▶ _Information provided_
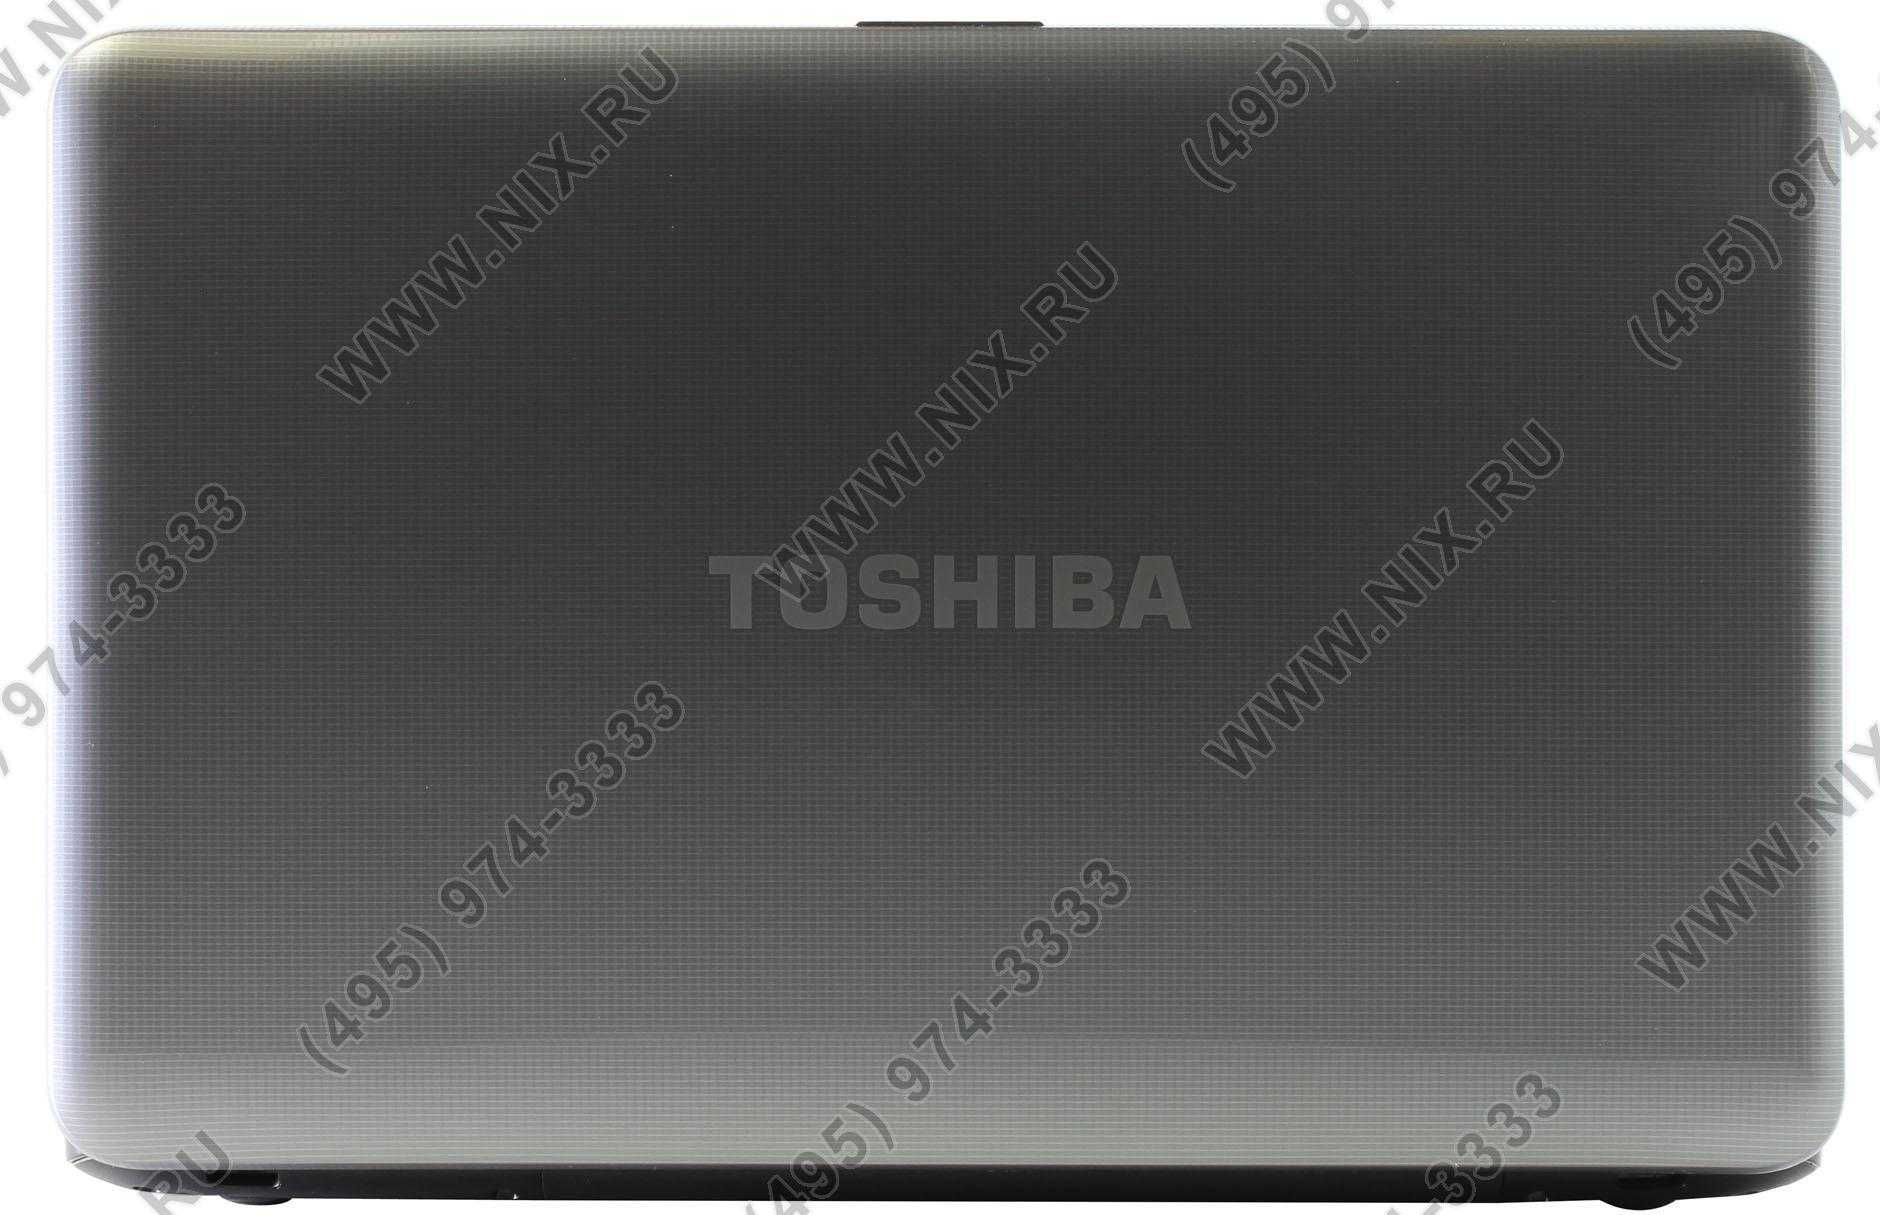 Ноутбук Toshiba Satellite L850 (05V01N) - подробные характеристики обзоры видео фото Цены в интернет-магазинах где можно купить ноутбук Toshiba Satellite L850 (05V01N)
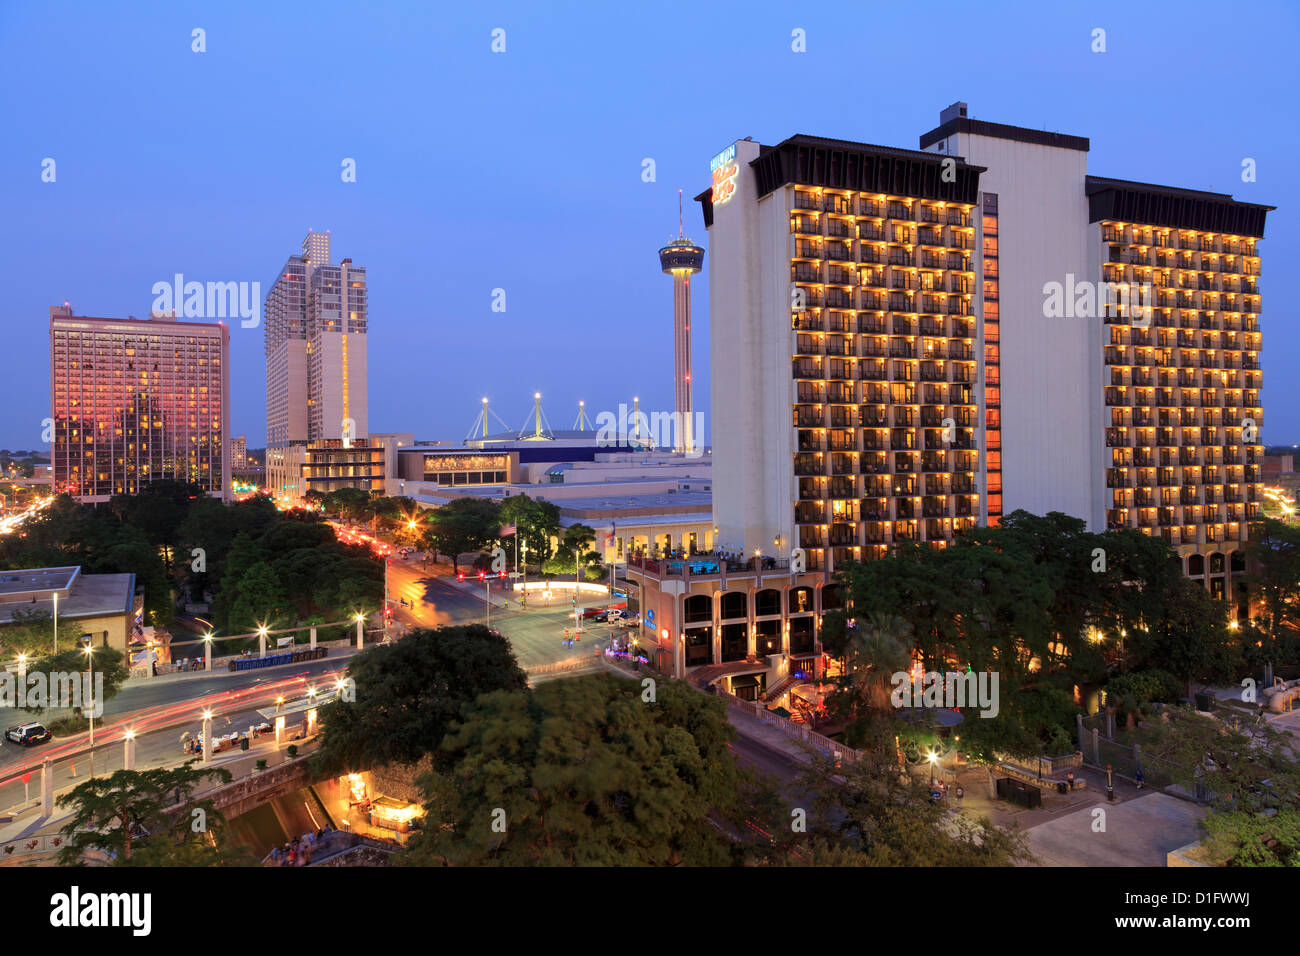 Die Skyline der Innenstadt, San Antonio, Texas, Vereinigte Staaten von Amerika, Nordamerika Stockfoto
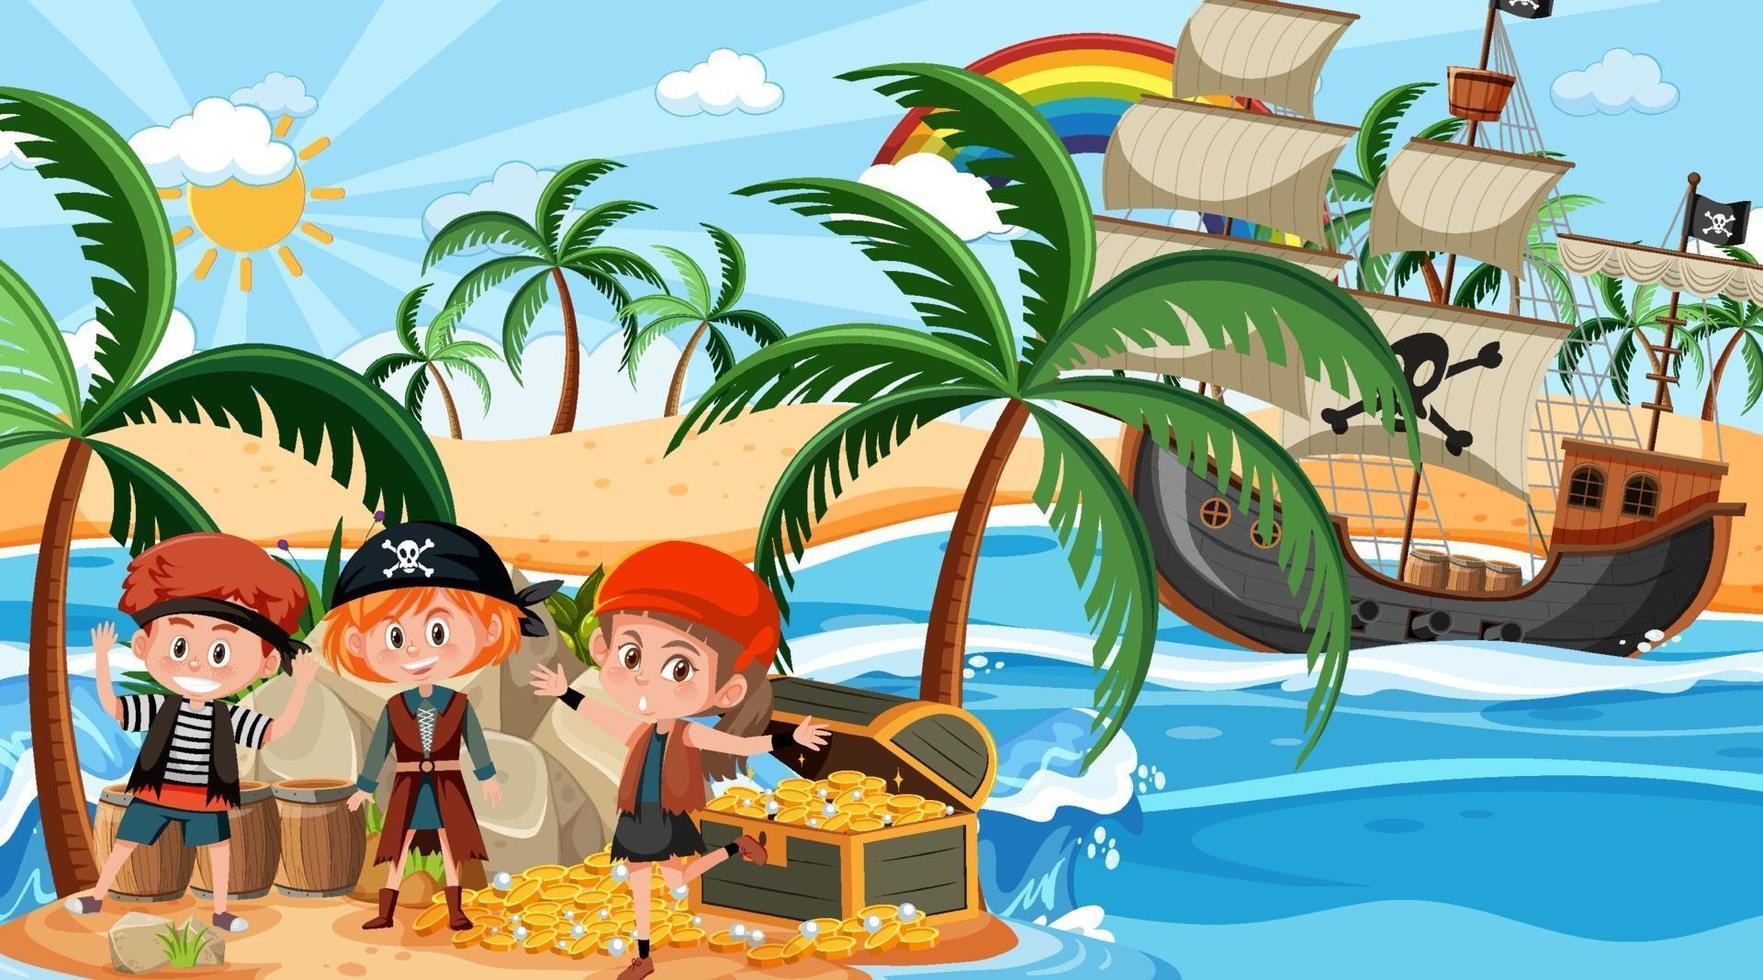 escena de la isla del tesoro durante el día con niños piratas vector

▶ _Exercise directions_
Transcribe the material as is, with images omitted.

▶ _Solution for this exercise_
 Ноутбук Toshiba Satellite L850 (05V01N) - подробные характеристики обзоры видео фото Цены в интернет-магазинах где можно купить ноутбук Toshiba Satellite L850 (05V01N)
 Die Skyline der Innenstadt, San Antonio, Texas, Vereinigte Staaten von Amerika, Nordamerika Stockfoto
 escena de la isla del tesoro durante el día con niños piratas vector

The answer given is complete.